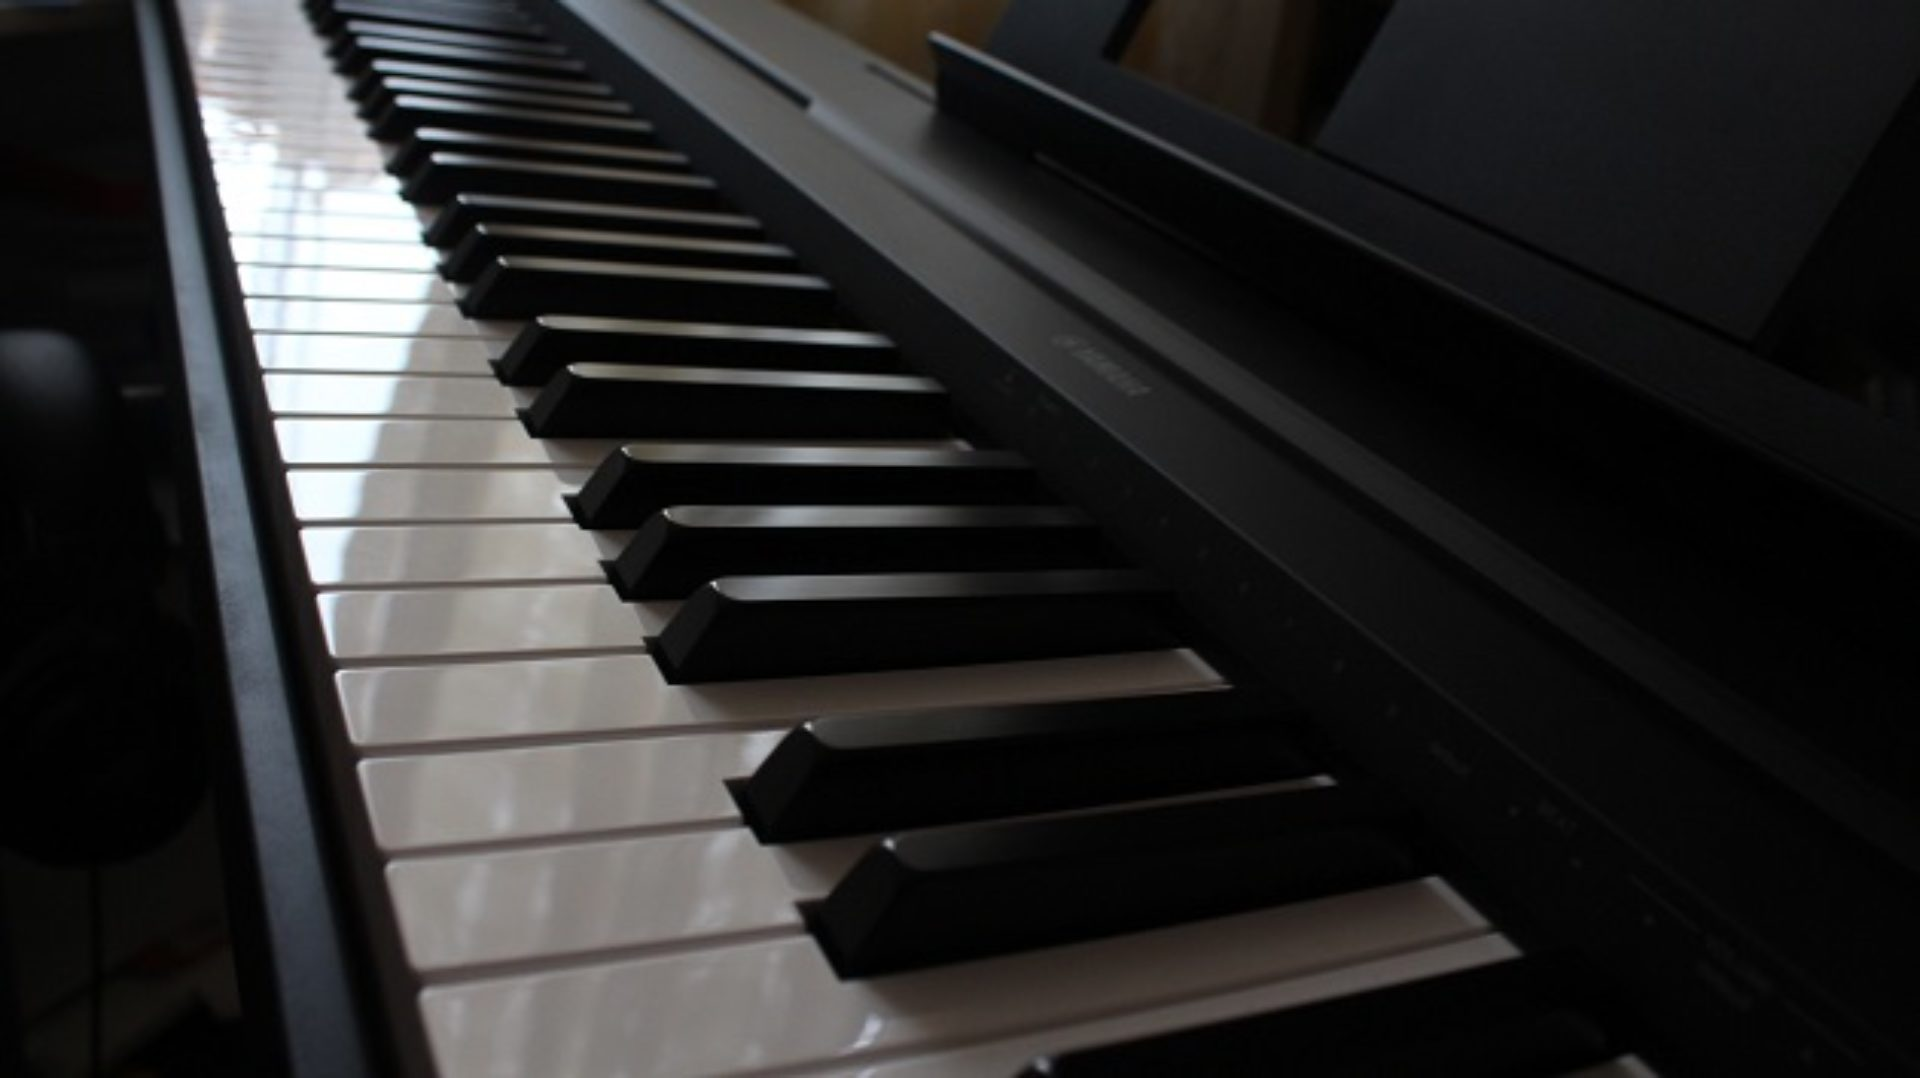 einsteiger-instrument.de
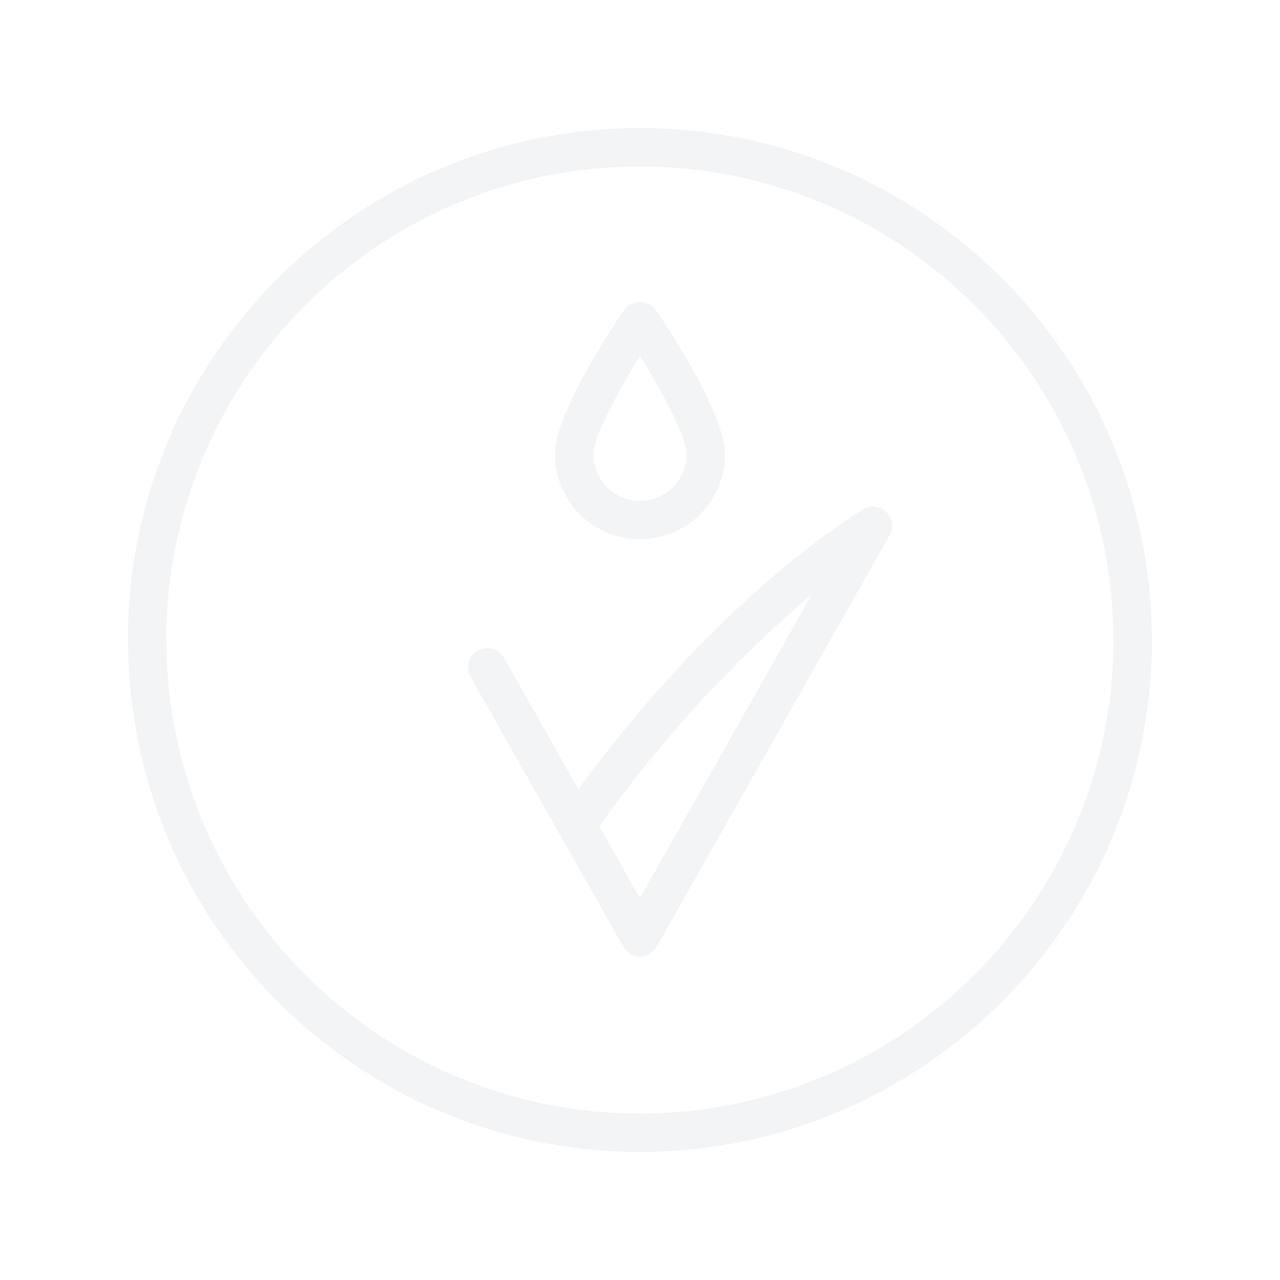 LOTTIE Weekender Wash Bag
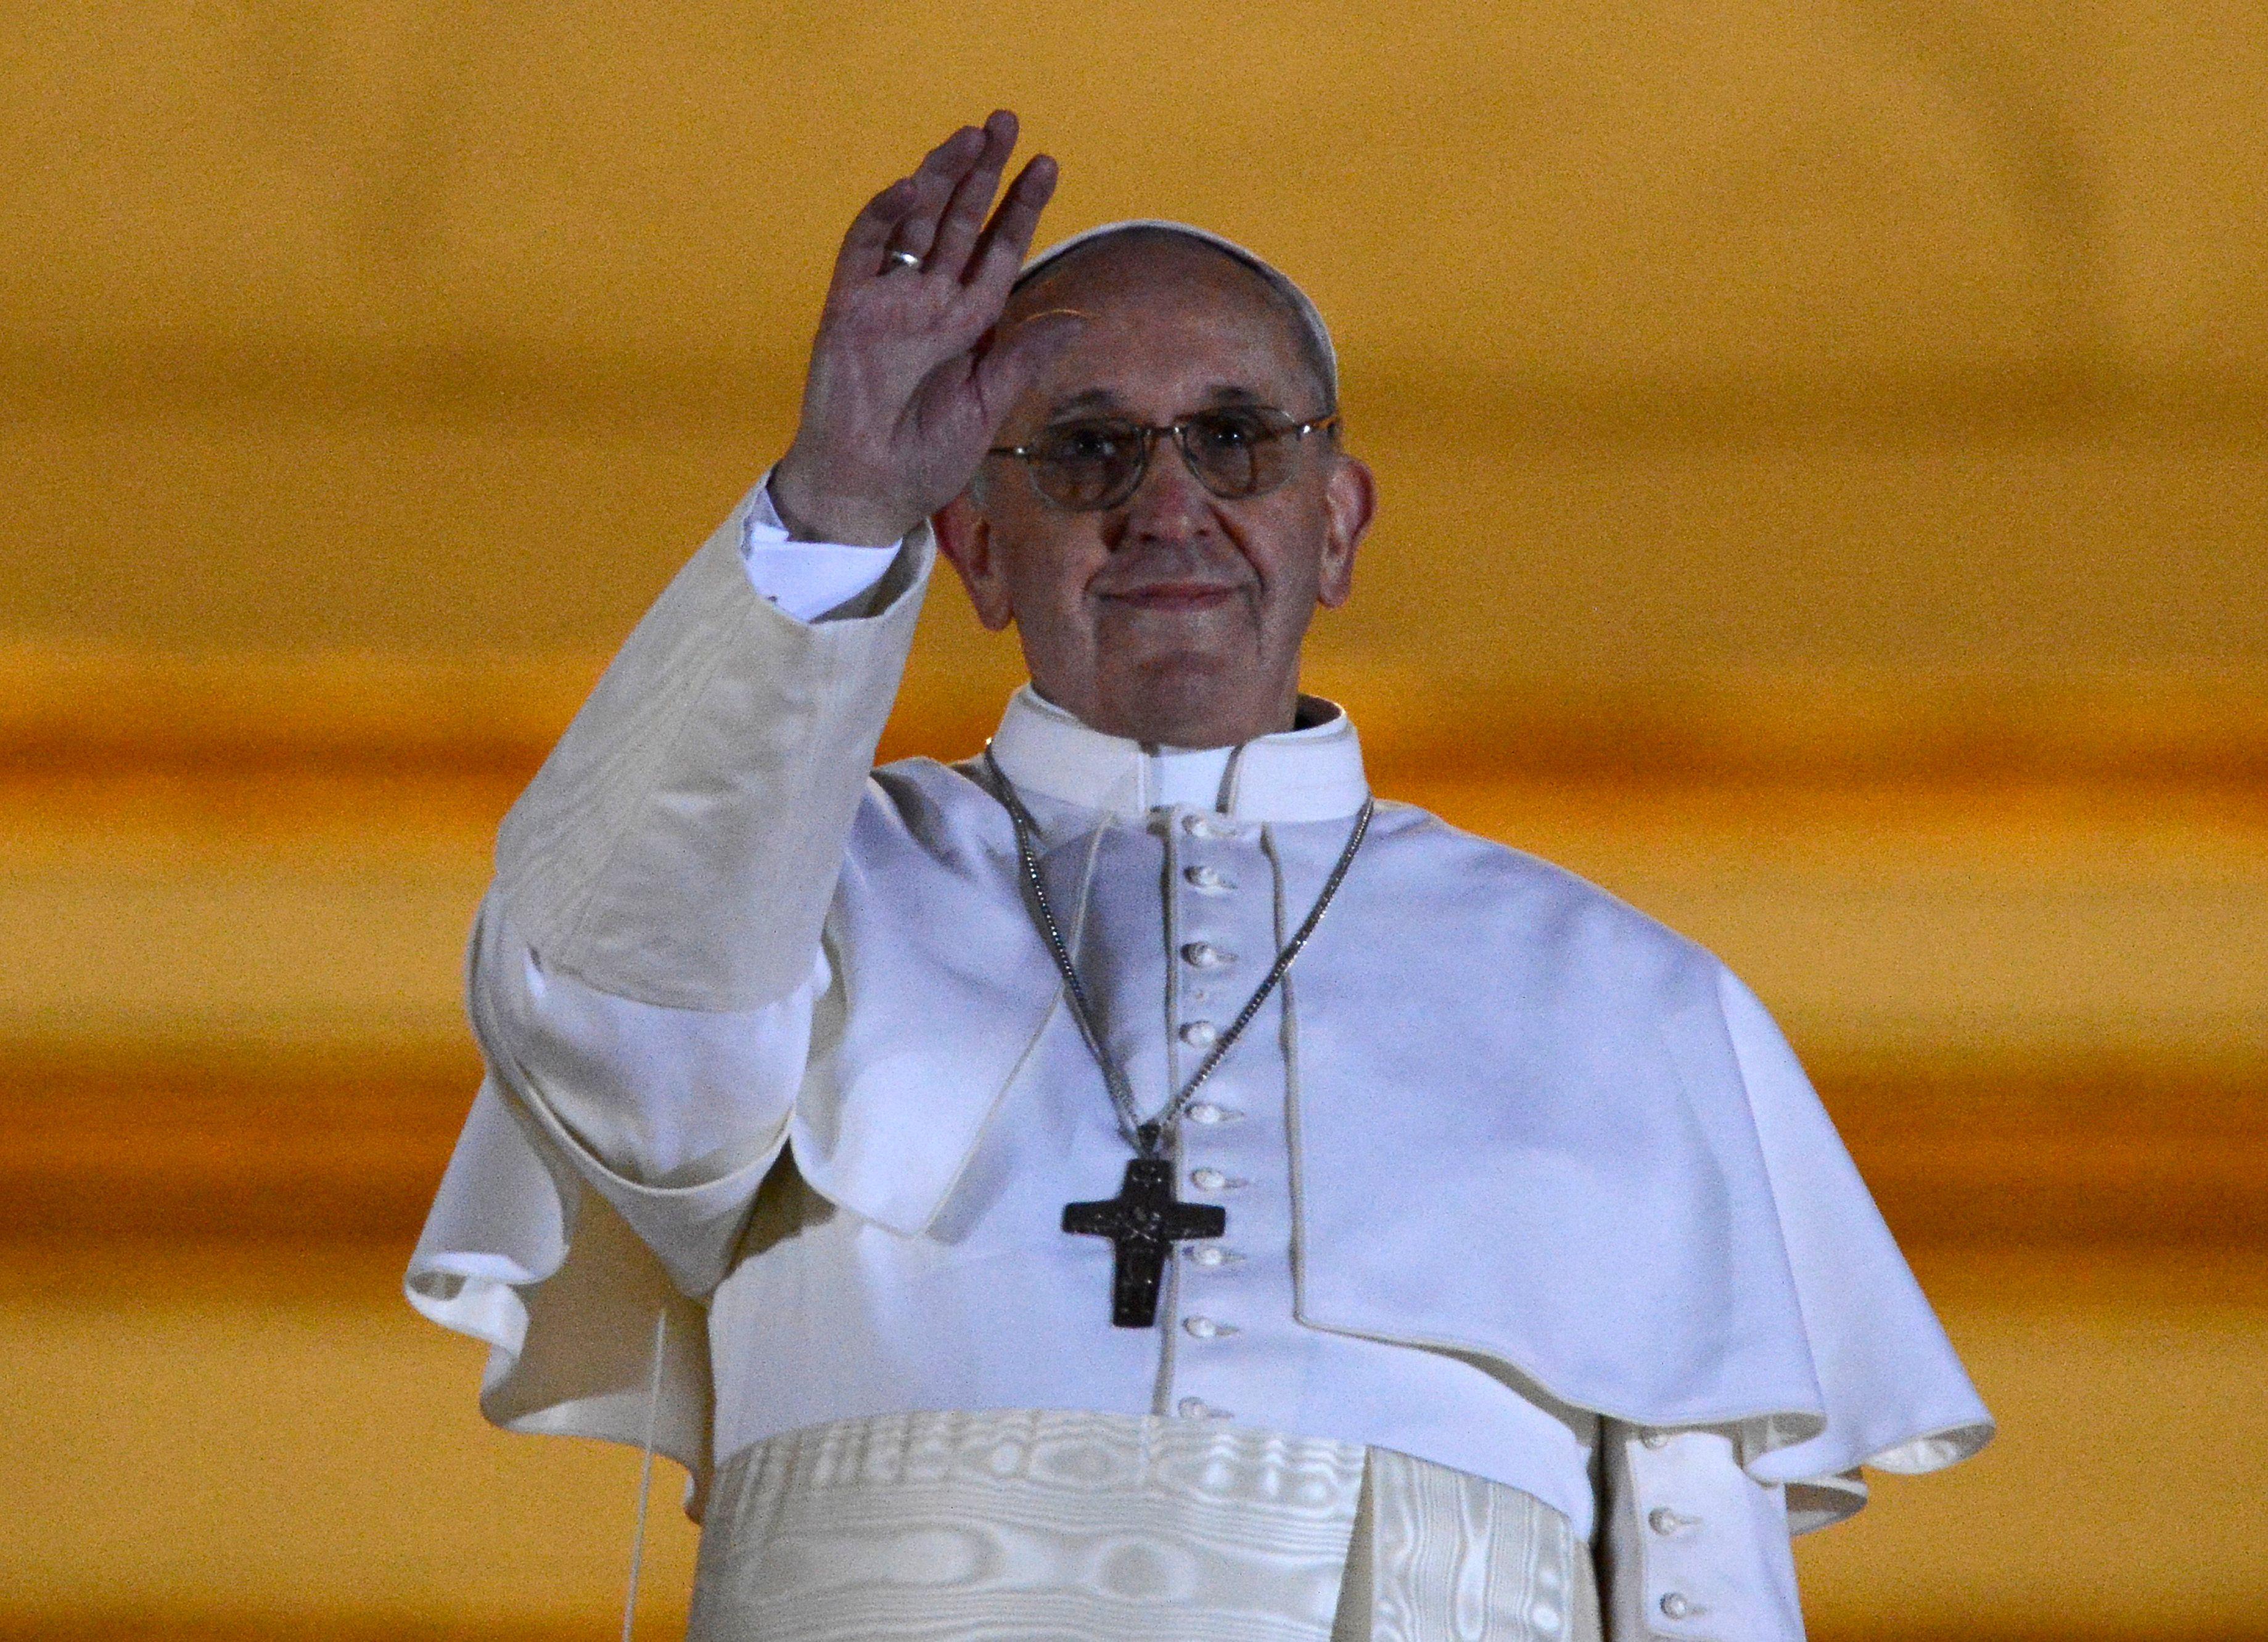 Le pape François a lancé des appels à la paix

YOUR TASK
When you restate the listing, keep every word as it is and drop the pictures.

TASK SOLUTION
 einsteiger-instrument.de
 LOTTIE Weekender Wash Bag
 Le pape François a lancé des appels à la paix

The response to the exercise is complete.